# Access - Hilfe bei der Bildung einer Summe in einem Bericht



## GTA (3. Mai 2004)

Hallo,

Ich hab folgendes Problem.

Meine Tabelle hat folgende Form:
Masternummer,KundenNr, Thema, TC_Anfang, TC_Ende, Länge, Produktionsdatum und Sprecher.

Alles außer Produktionsdatum hat als Datentyp Text.

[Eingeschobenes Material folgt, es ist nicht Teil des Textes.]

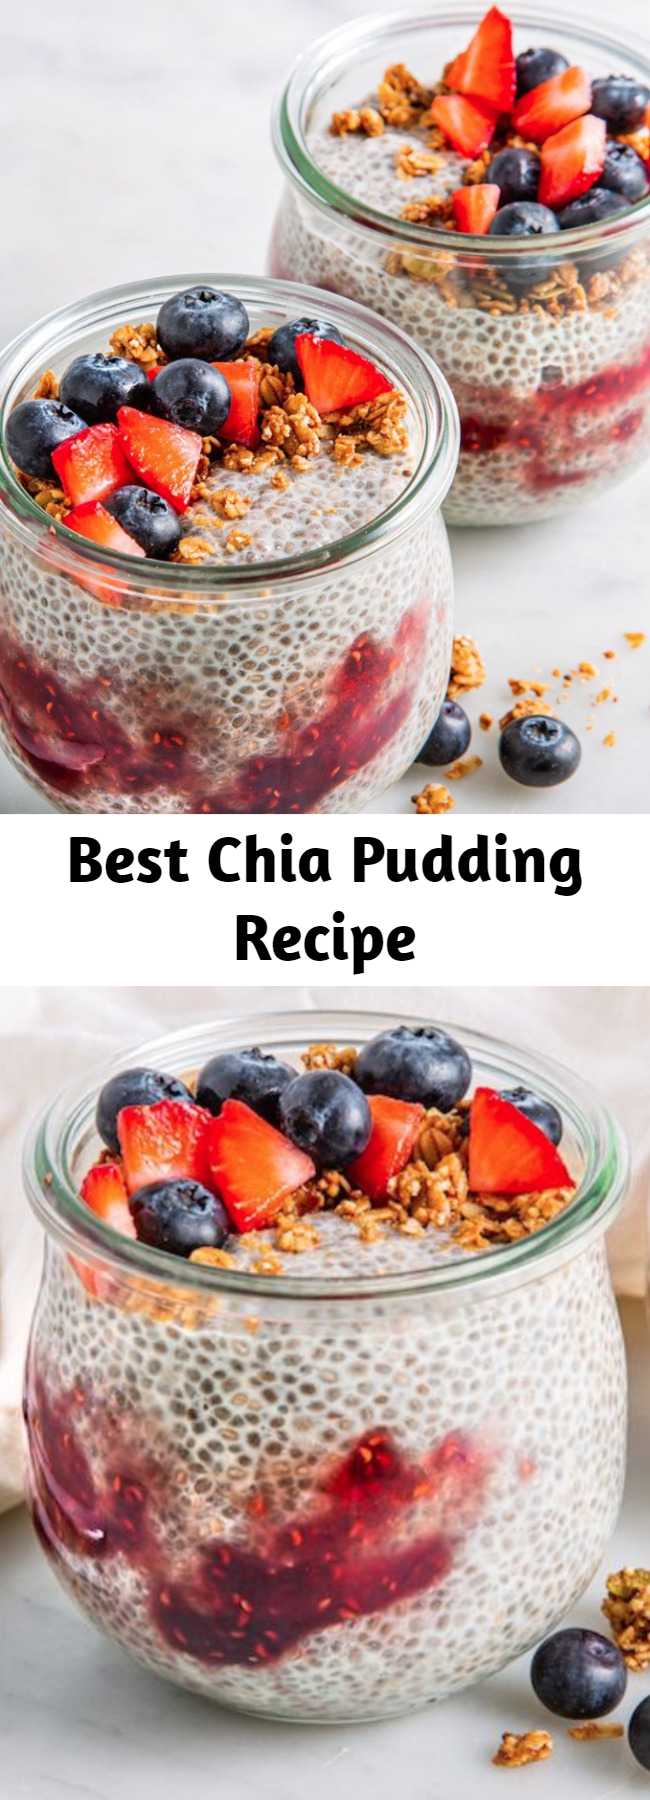 Best Chia Pudding Recipe - This Chia Pudding is perfect for breakfast, brunch, or a healthy dessert alternative any day. You're gonna have to find something else to feel guilty about.

TC_Anfang und TC_Ende haben folgende Formatierung:
Feldgröße: 8
Format, Eingabeformat: 00\:00\:00;0;_
(stunden:minuten:sekunden)

Das Feld Länge wurde aus den beiden Feldern TC_Anfang und TC_Ende berechnet und hat folgende Formatierung:
Feldgröße: 5
Format, Eingabeformat: 00\:00;0;_
(minuten:sekunden)


Das Problem ist, dass am Ende jeder Gruppe im Bericht die Summe der Längen angezeigt werden sollen.

Ich weis aber leider nicht, wie ich das anstellen könnte.


Zusatz:
Die Summe der Längen soll dann das gleiche Format haben, wie TC_Anfang und TC_Ende.



Wäre schön, wenn mir jemand helfen könnte.


----------